- Operation Dawn 9: Part of the Iran–Iraq War
| Date | 24 February – 20 May 1986 |
| Location | Sulaymaniyah and Rawandiz, Iraq |
| Result | Iranian strategic failure Minor gains for Iran; Successful Iraqi counter-attacks contains the Iranians; Iran failed to reach Sulaymaniyah and Rawandiz; |

Belligerents
- Iraq: Iran Peshmerga

Commanders and leaders
- Saddam Hussein: Ruhollah Khomeini Masoud Barzani

= Operation Dawn 9 =

1986 Iran–Iraq War operation

Operation Dawn 9 (Persian: عملیات والفجر 9) was a military operation during the Iran–Iraq War. It was launched on 24 February 1986 on the eastern area of Sulaymaniyah at the front of "northwest", which was performed by the Islamic Revolutionary Guard Corps.

The mentioned operation was commenced on 24 o'clock with the code of "Ya Allah" (Persian: یاالله). The goal of "operation dawn-9" was to approach the city of Sulaymaniyah in Iraq, and likewise fighting the gathering of Iraqi forces in Faw. The Iranian government claimed that more than 2,500 soldiers were killed/injured with 1,634 casualties for Iraqi army. The Iranian government claimed that Iran's forces captured several areas from Iraqis, including a few border checkpoints from the heights Kana, Sholeh-Kooran, Tange-Soor, MooBara, Makhlan, Kani-Maran, Sarv, heights 1470 and 1489.

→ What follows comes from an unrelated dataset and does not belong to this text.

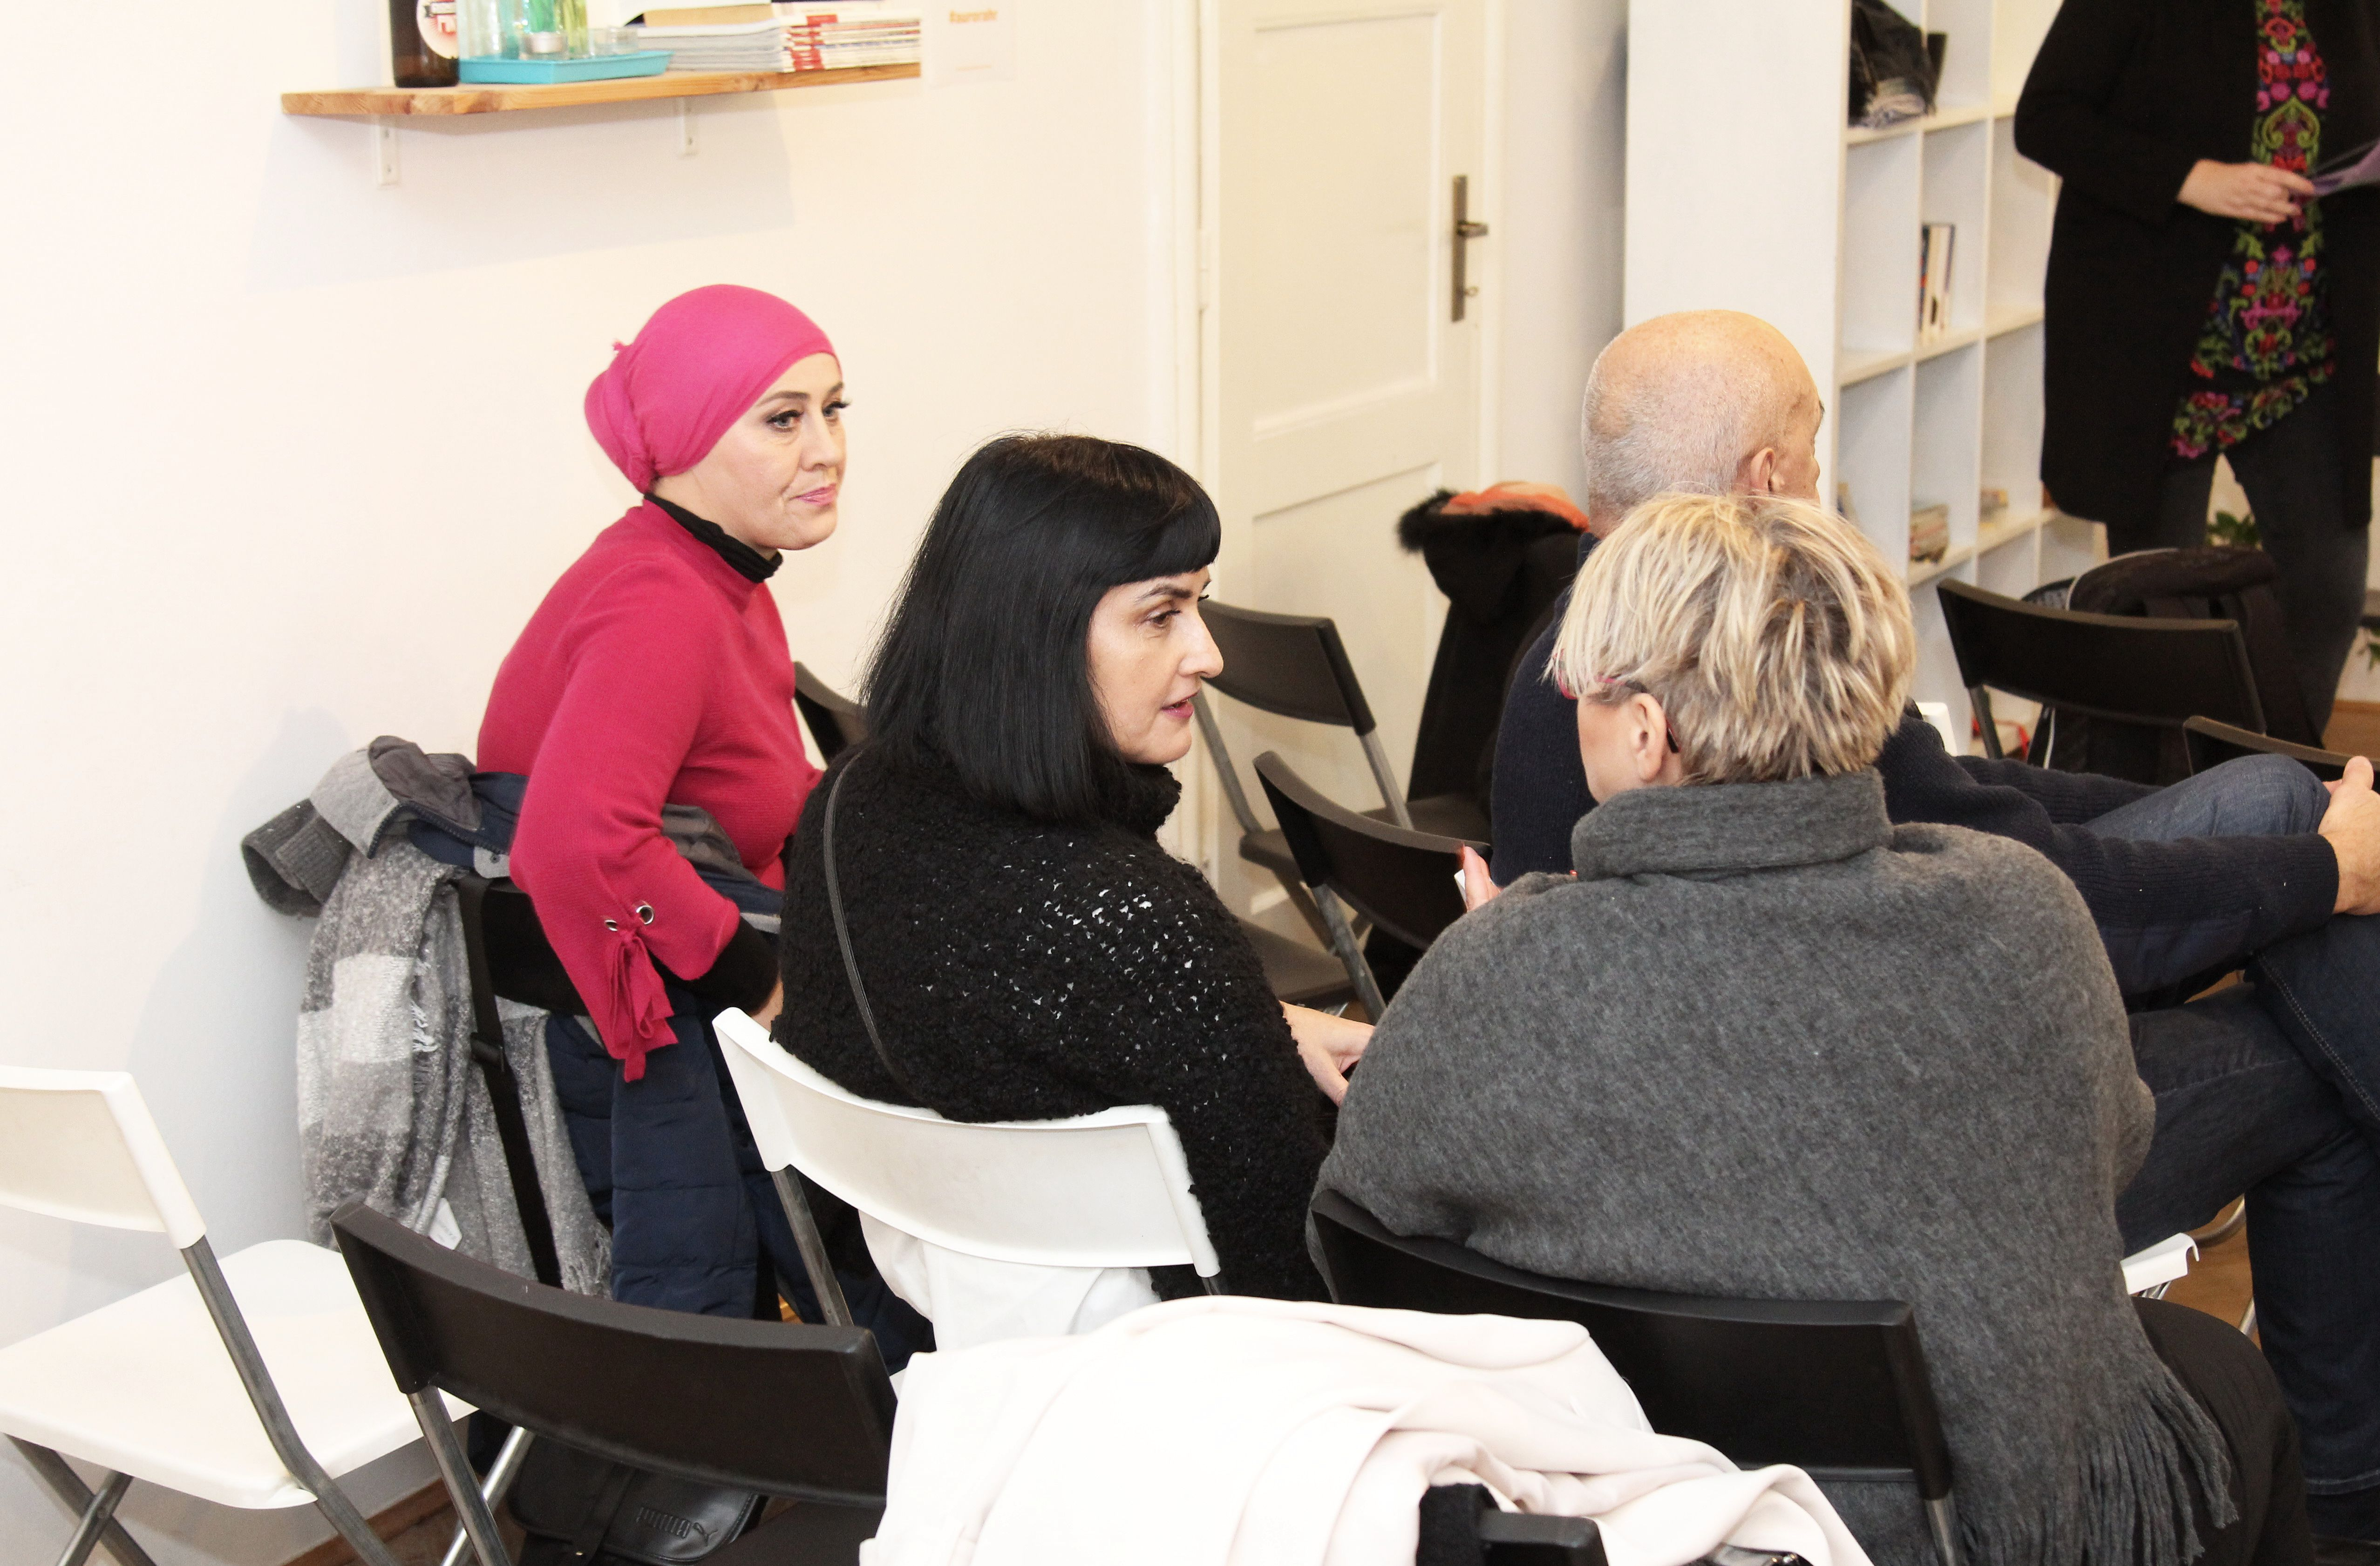 Predstavljanje knjige - Elvira, Almira, Smiljana

On 23 April 1986 Iran took advantage of the bad weather to launch the second phase of Operation Dawn 9, and overran the Iraqi battalions guarding the Rawanduz sector. This was accelerated by a rear attack by hordes of Peshmerga from the mountains. On 15 May 1,000 Peshmerga troops backed by Iranian paratroopers took hold of Mangesh. Baghdad dispatched an armored brigade, a mountain brigade, and a special forces brigade supported by attack helicopters, which eventually recaptured Mangesh. Iraqi authorities doubled the amount of Popular Army troops in the region and armed Arab volunteer farmers to patrol the sector. On 20 May the Iranians, still getting nowhere outside Rawanduz, ended Operation Dawn 9.